SUPPLIED INFORMATION:
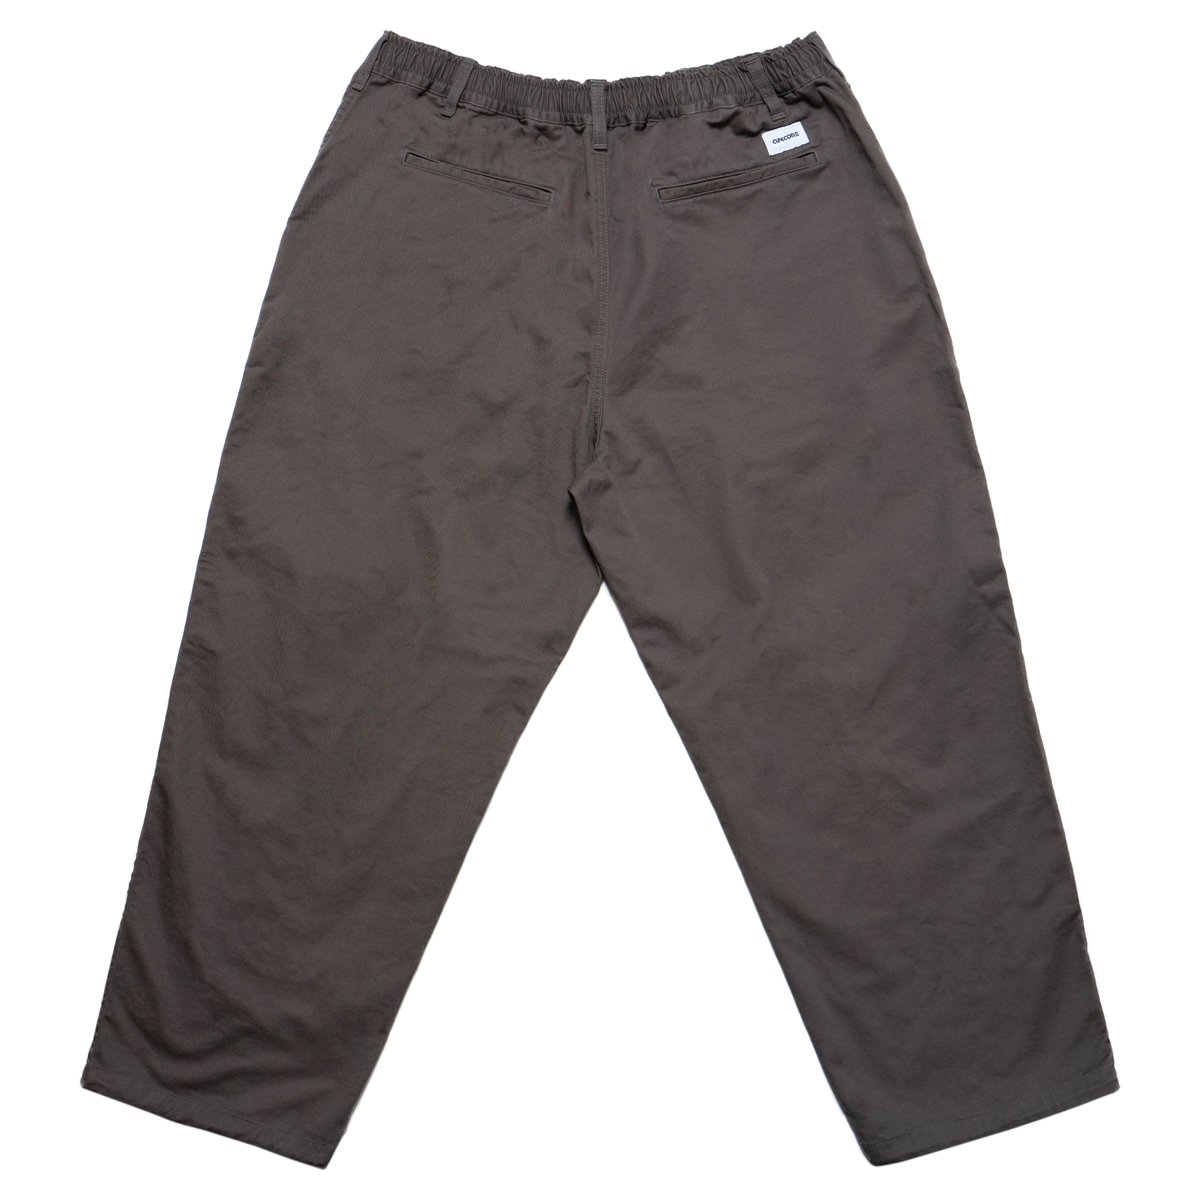 Rest Day Woven Cargo Pants
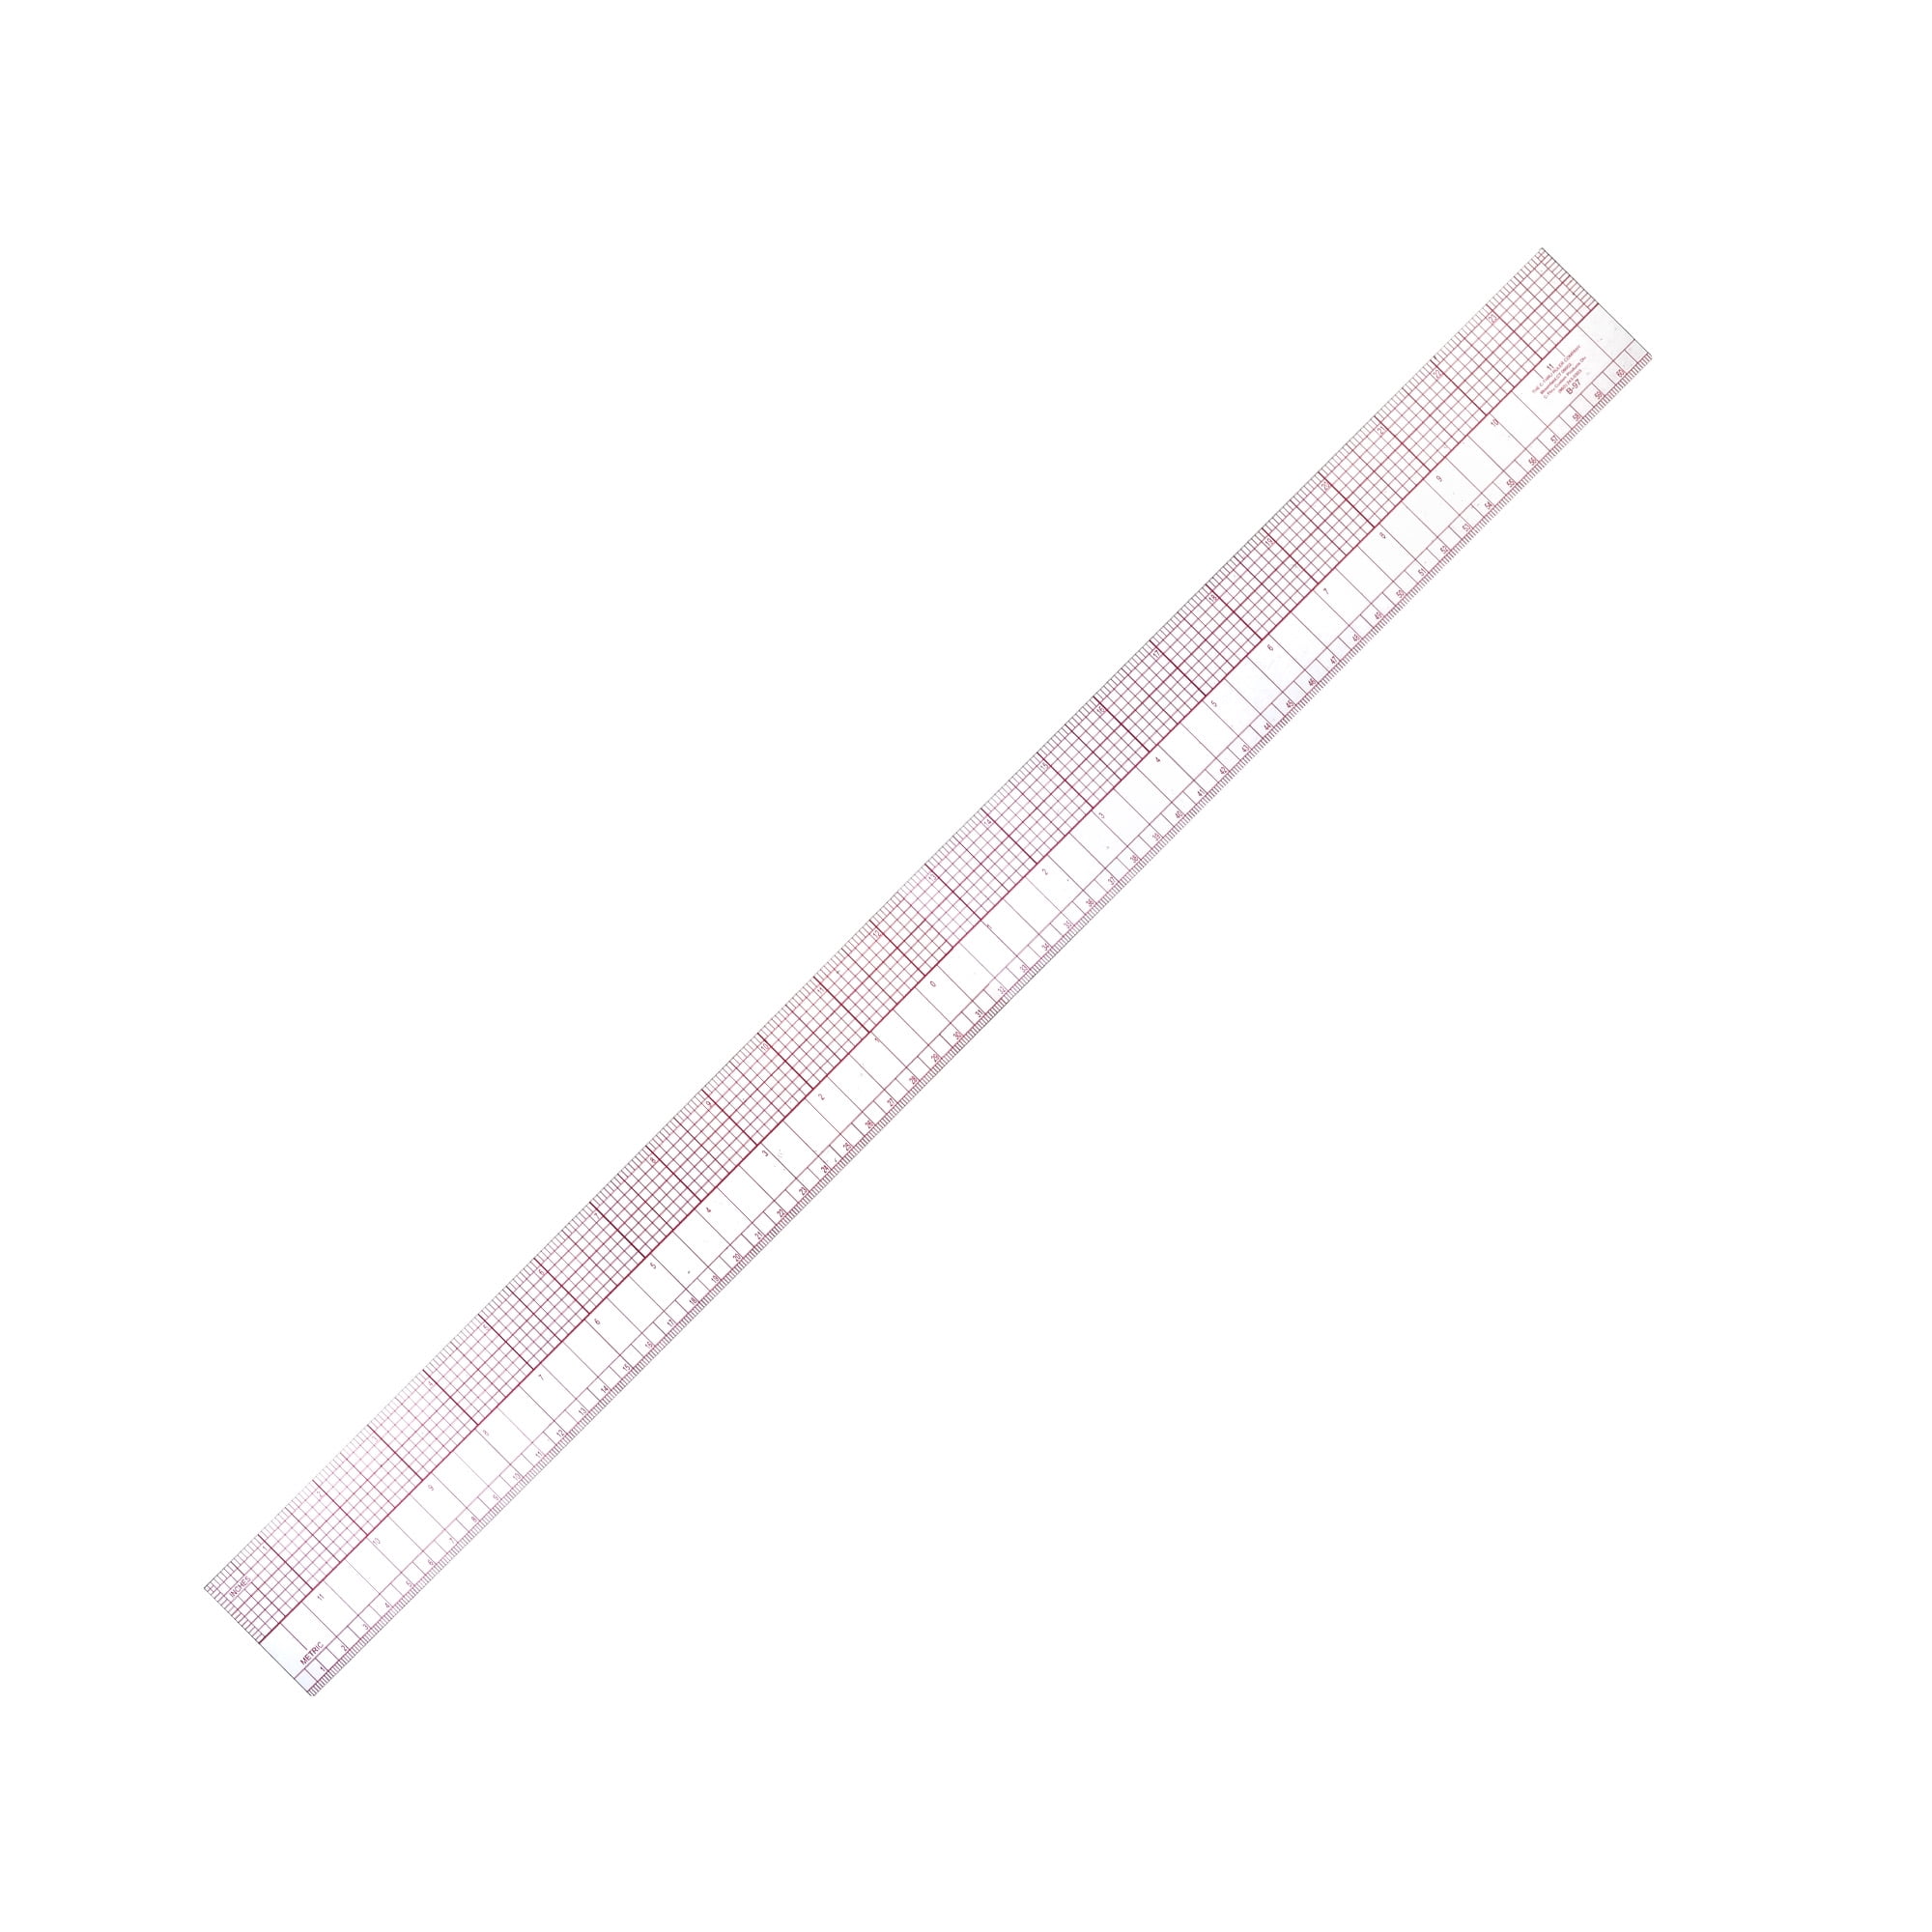 Uxcell Beveled Ruler 60cm /23 inch Plastic Transparent B97 Sewing Tool, Red
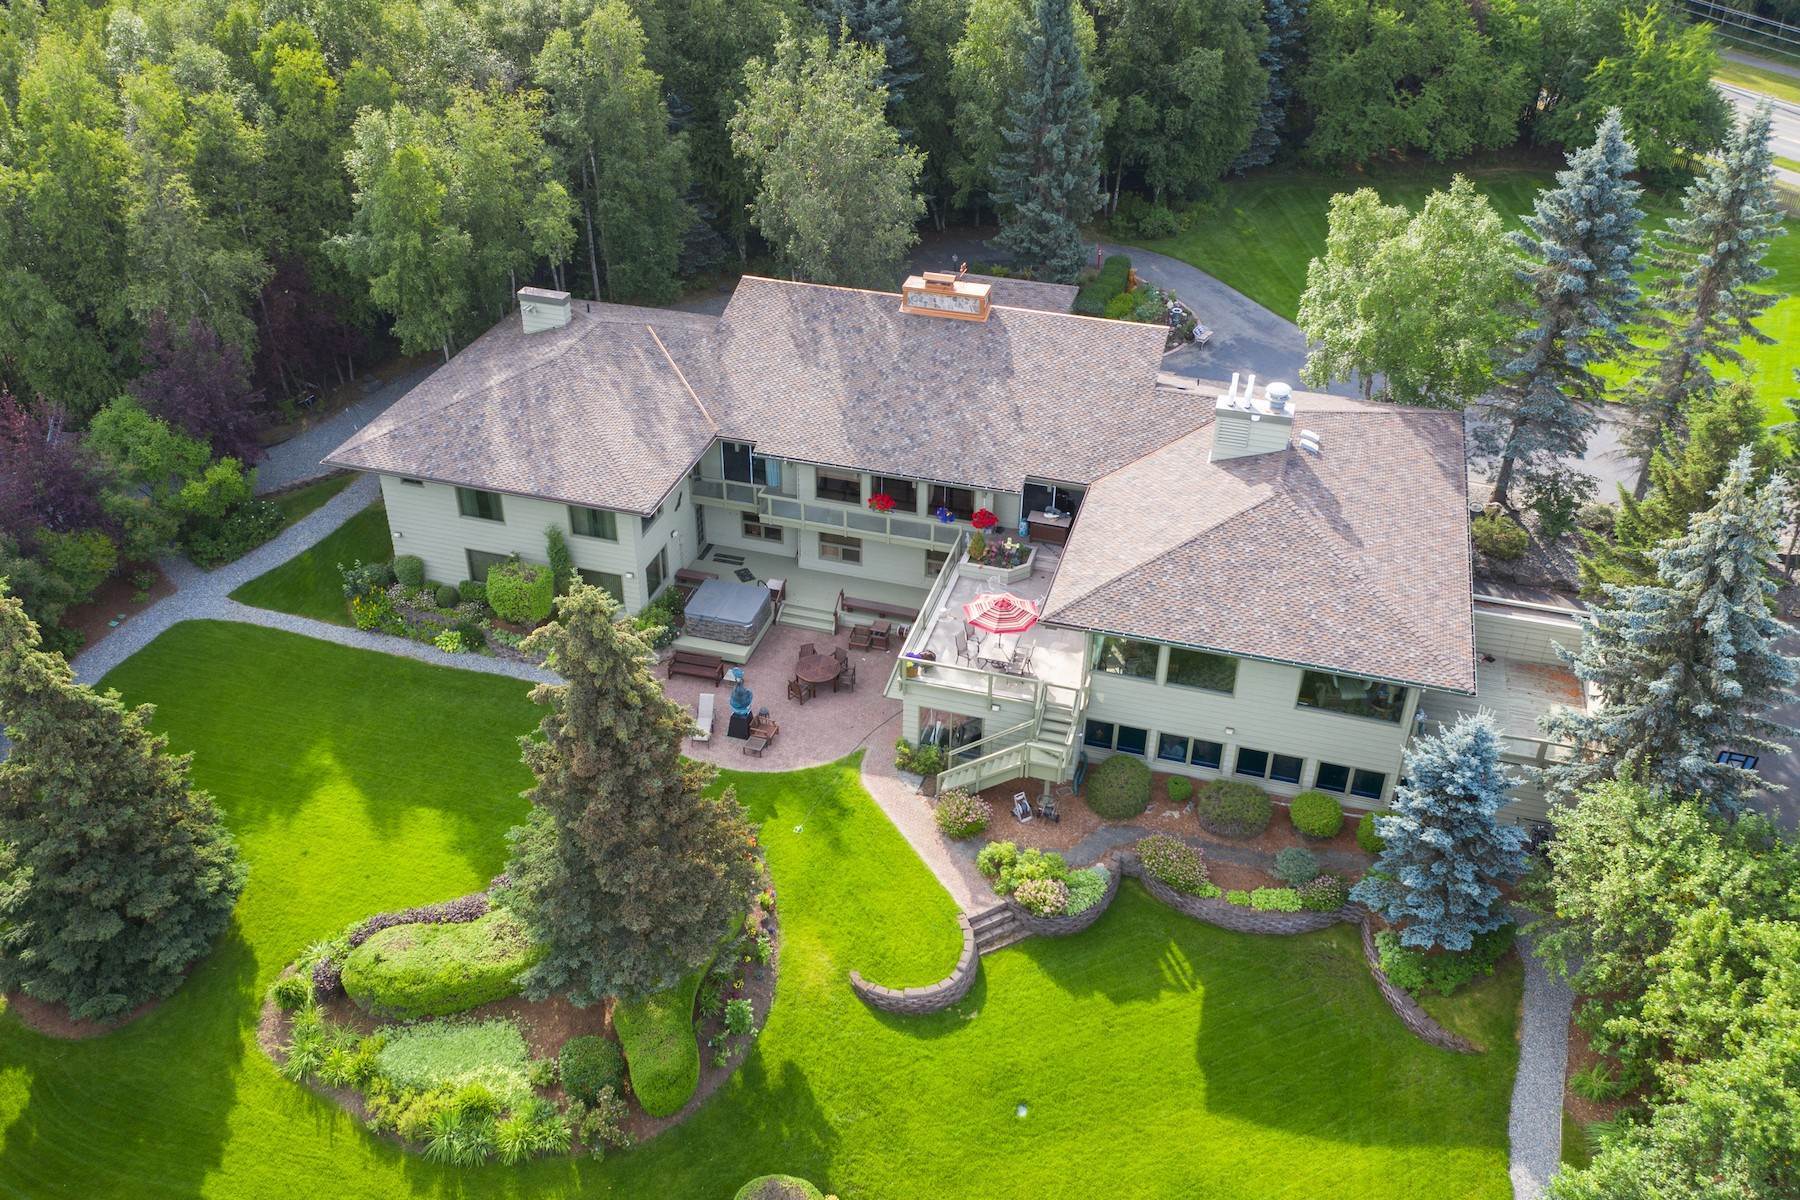 Property for Sale at Historic Carr's Family Mansion 2501 W 100th Avenue Anchorage, Alaska 99515 United States

PROMPT: Drop the pictures and set down the data above exactly.

WRITTEN ANSWER:
 Rest Day Woven Cargo Pants
 Uxcell Beveled Ruler 60cm /23 inch Plastic Transparent B97 Sewing Tool, Red
 Property for Sale at Historic Carr's Family Mansion 2501 W 100th Avenue Anchorage, Alaska 99515 United States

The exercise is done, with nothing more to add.